What is being asked: The material below holds pictures, which are to be left out; copy exactly the lines from the one with "Yào Rooftop Bar位在33楼，装潢富有浓浓的中式风情（图片来源：Yào" through the one with "Lưới hình dạng".

Data supplied:
=== Begin Enclosure ===

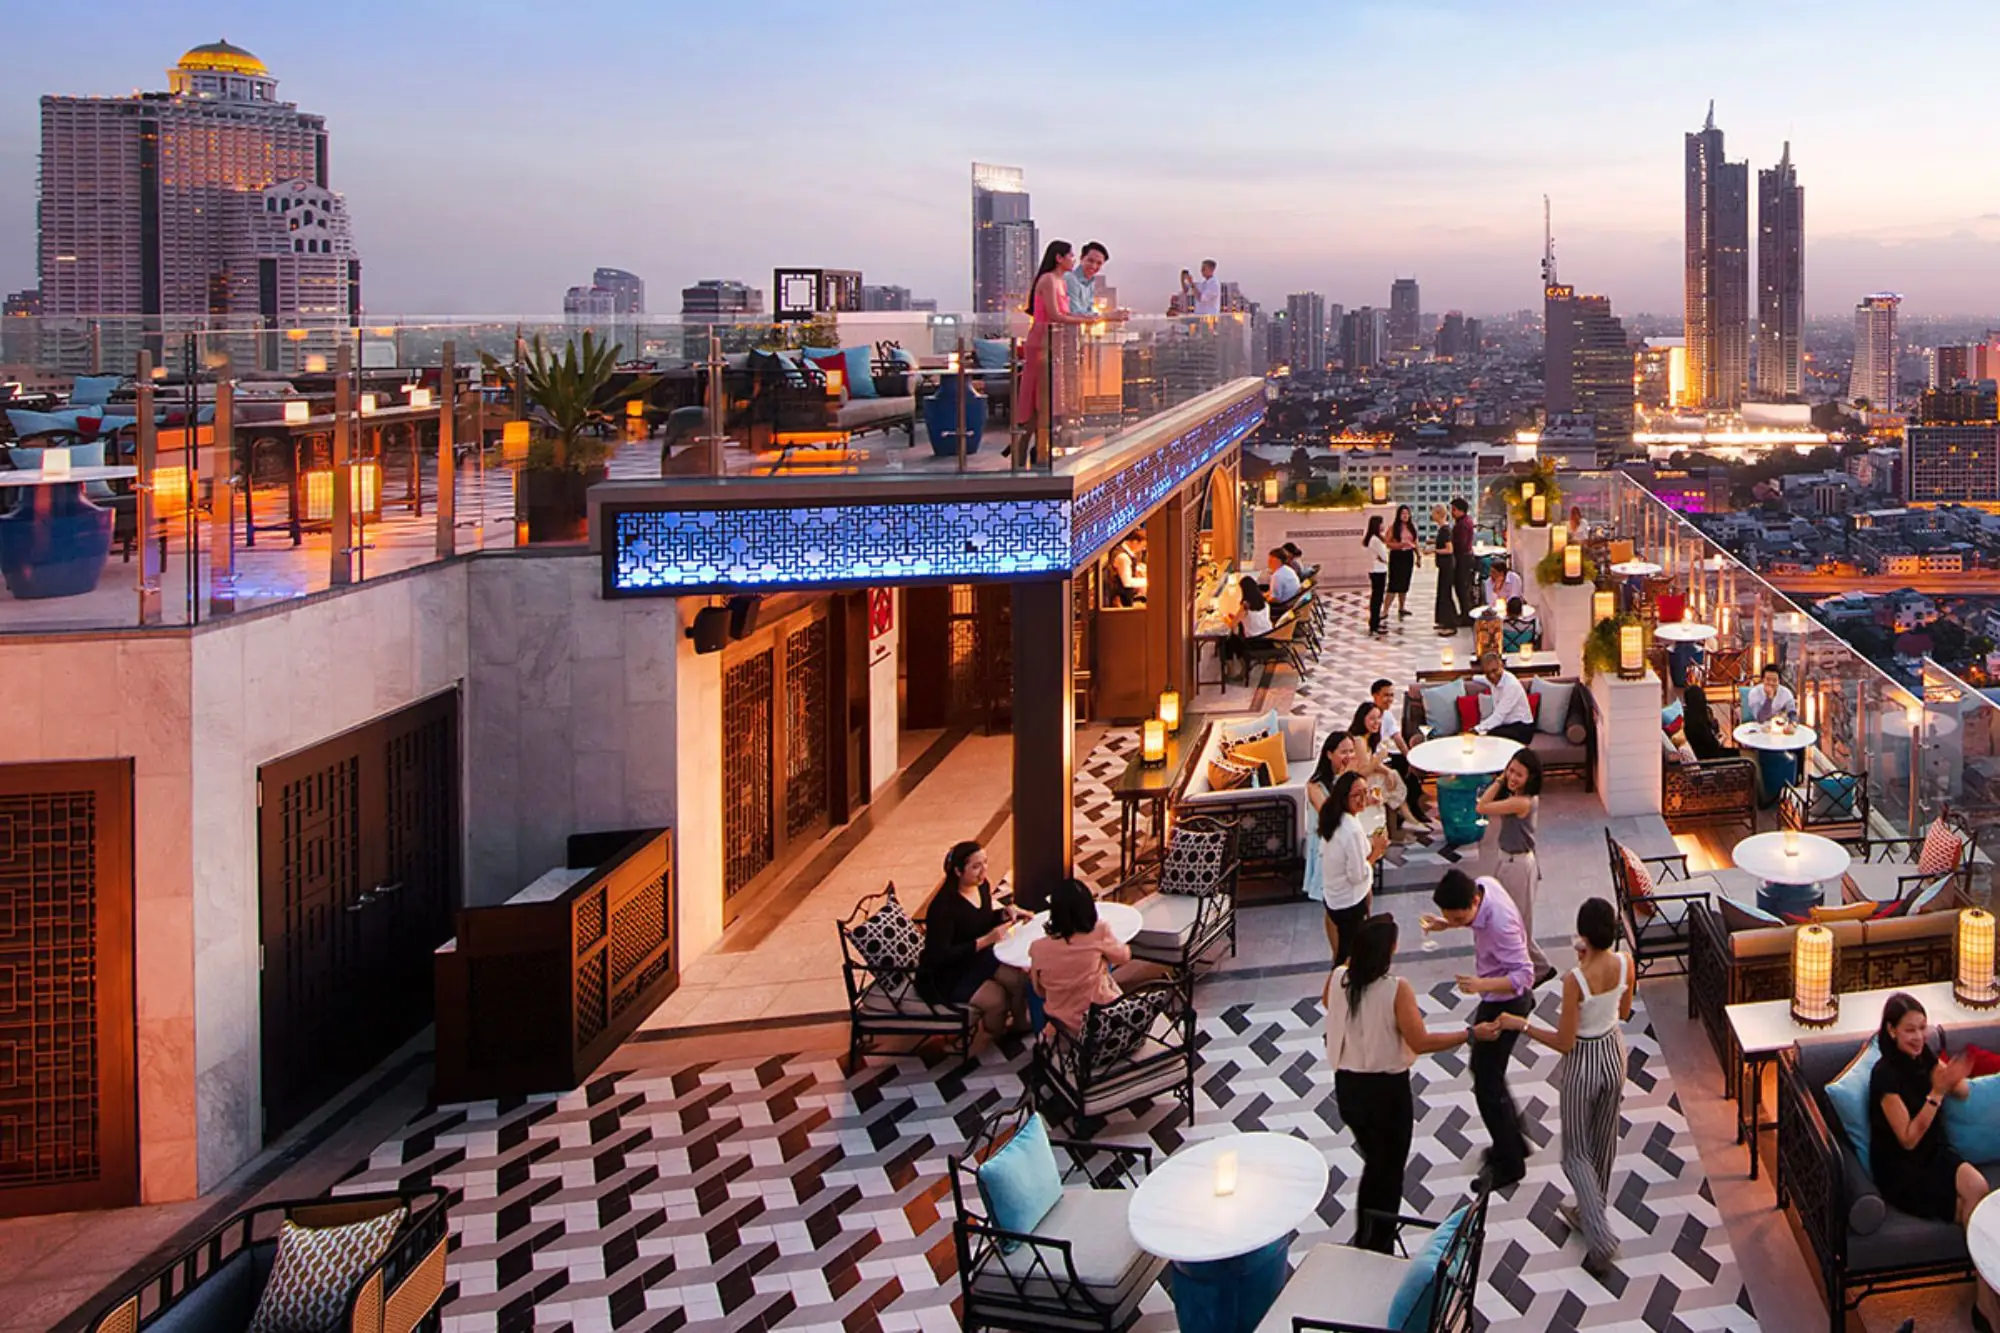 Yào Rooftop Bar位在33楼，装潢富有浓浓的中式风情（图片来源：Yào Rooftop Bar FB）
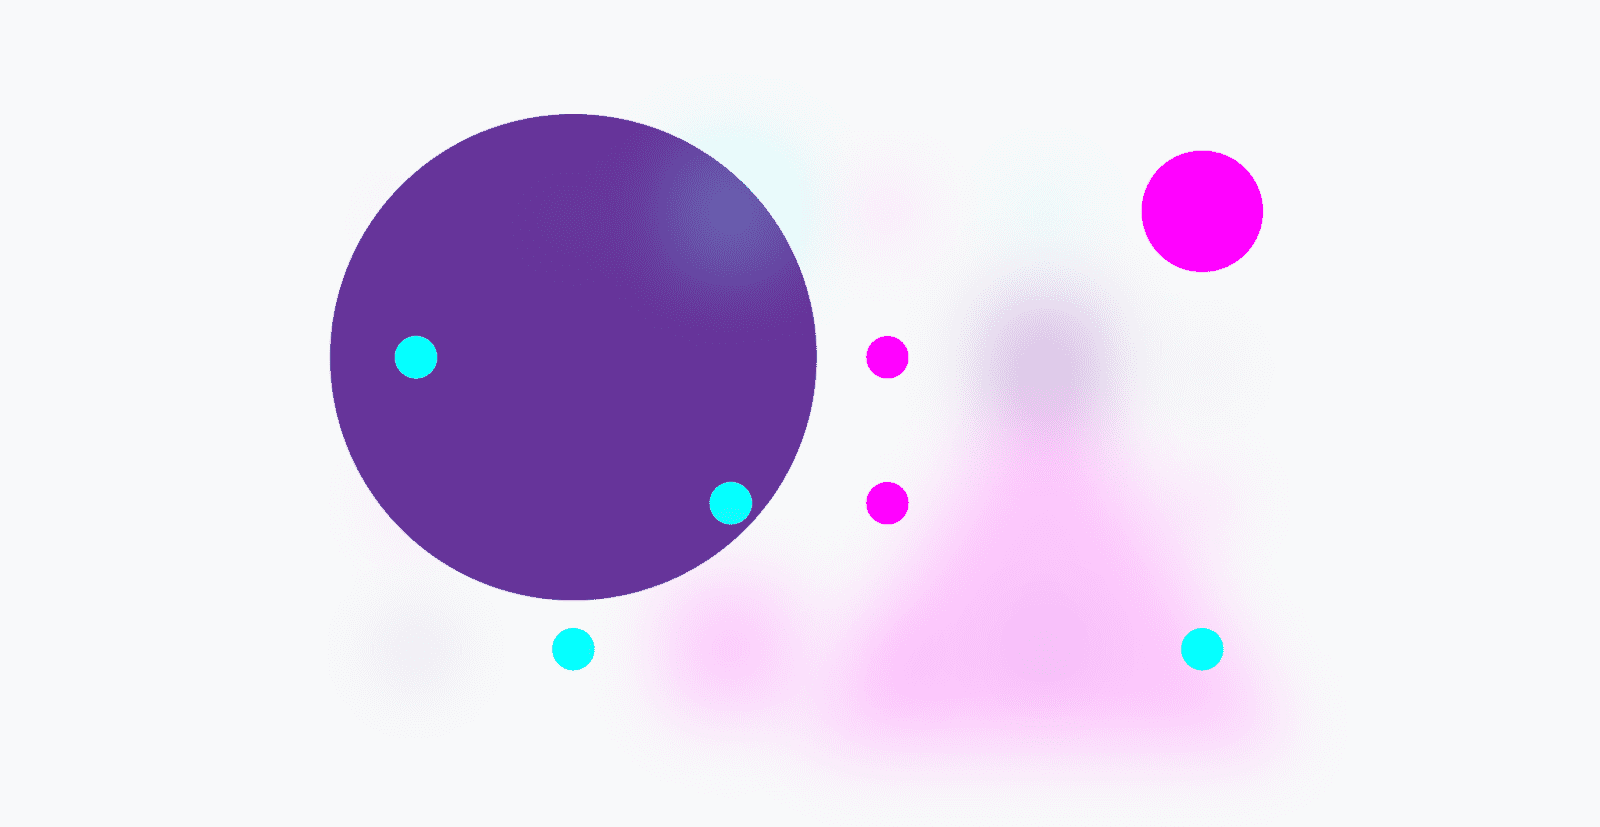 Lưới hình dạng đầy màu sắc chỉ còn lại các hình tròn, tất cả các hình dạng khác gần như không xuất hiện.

=== End Enclosure ===
=== Begin Enclosure ===

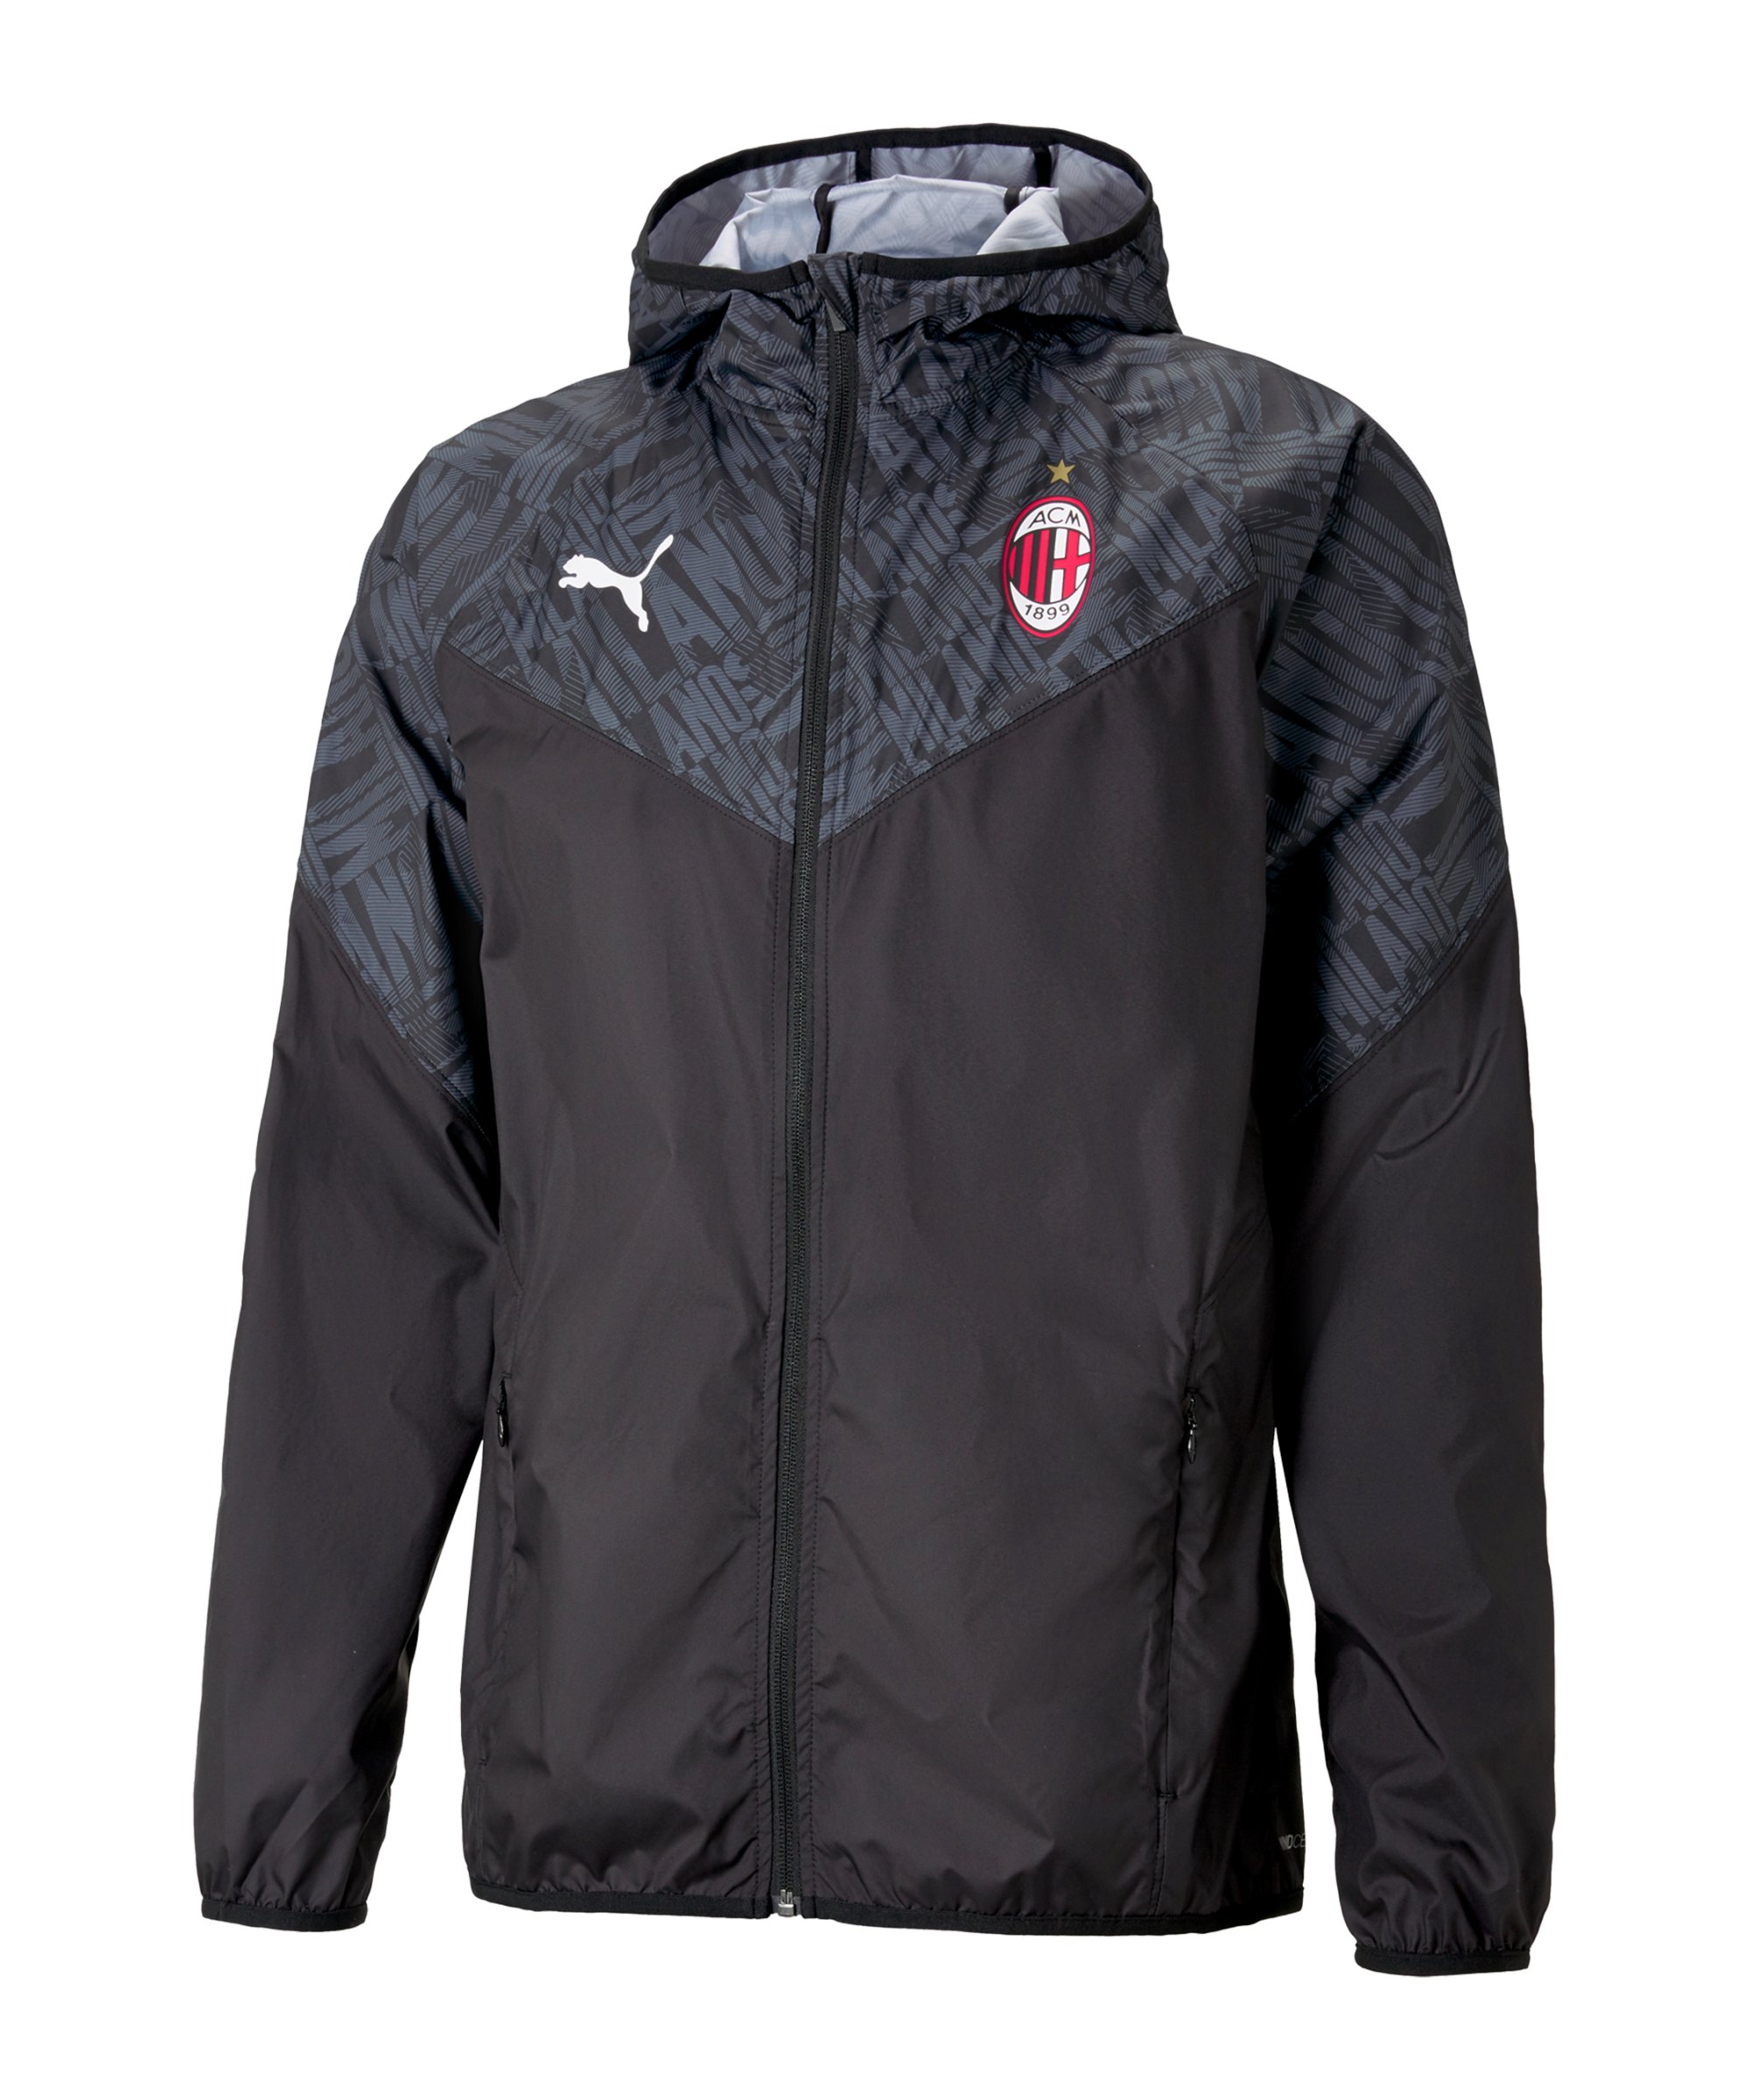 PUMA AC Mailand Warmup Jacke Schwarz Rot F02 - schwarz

=== End Enclosure ===

Answer area:
 Yào Rooftop Bar位在33楼，装潢富有浓浓的中式风情（图片来源：Yào Rooftop Bar FB）
 Lưới hình dạng đầy màu sắc chỉ còn lại các hình tròn, tất cả các hình dạng khác gần như không xuất hiện.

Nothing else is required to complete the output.